Advice on how to best structure a social enterprise is key in attracting investment capital

Sarah Chiles is Vice President of Thomson Reuters Foundation and former Adjunct Professor in Social Entrepreneurship at NYU Stern School of Business. She manages relationships with members of TrustLaw Connect and oversees high impact programs in the areas of social entrepreneurship and impact investing. 

Not too long ago, Ed Dowding created Sustaination, a new social enterprise with an ambitious goal: to “create a sustainable and resilient food system which produces enough good food, for everyone, forever.” A social entrepreneur by any measure, Ed created on online platform that helps small food businesses find, buy, sell, and promote locally produced food and drink.

Nicknamed “a LinkedIn for Local Food and Farmers,” it helps producers, distributors and retailers work together to shorten the supply chain, and save time and money in the process. As it grows, the company wants to create a sustainable alternative to the supermarket-led food system.

Like many social enterprises, Sustaination gets revenue both from philanthropic donations as well as from earned income, but Ed needs advice on how best to structure his organisation to attract the investment capital he needs to scale his revolutionary model.

He, like so many others, are butting up against limitations with our current tax and regulatory codes that continue to view a venture as either for profit business or charity but not as a blended value of the two.

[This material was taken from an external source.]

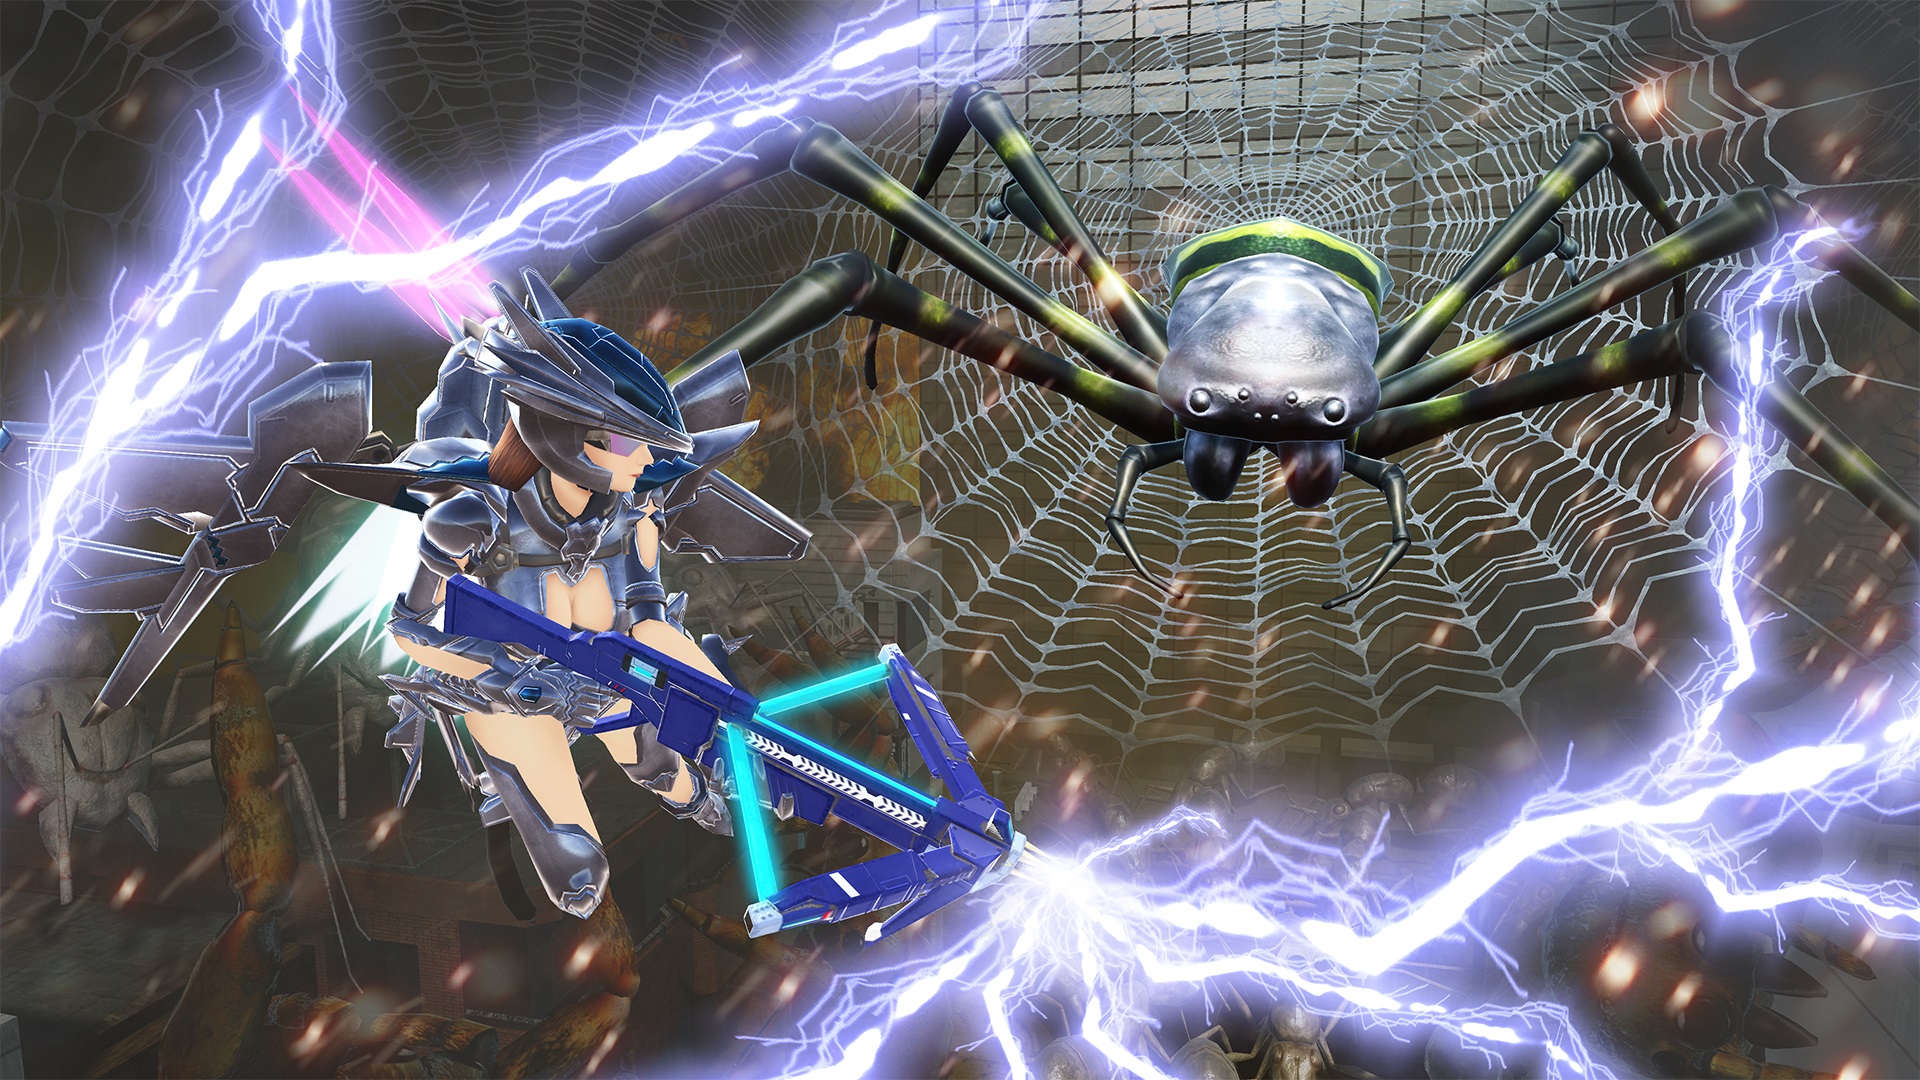 Earth Defense Force 4.1: Wingdiver the Shooter

Yes, new legal forms are popping up in the UK and in the U.S. but the choices remain confusing and not-quite-perfect for entrepreneurs like Ed.

Through TrustLaw, we have worked with hundreds of new and existing social enterprises from around the world that are faced with similar challenges. TrustLaw has matched them with pro bono legal advice to help them make the best decision for their social ventures, because for non-lawyers, choosing among these legal structures – community interest company, charity, sole trader - is daunting and difficult.  Yet, it’s clear that the legal structure can greatly influence the types of capital available and how the organisations can operate and evolve in the coming years.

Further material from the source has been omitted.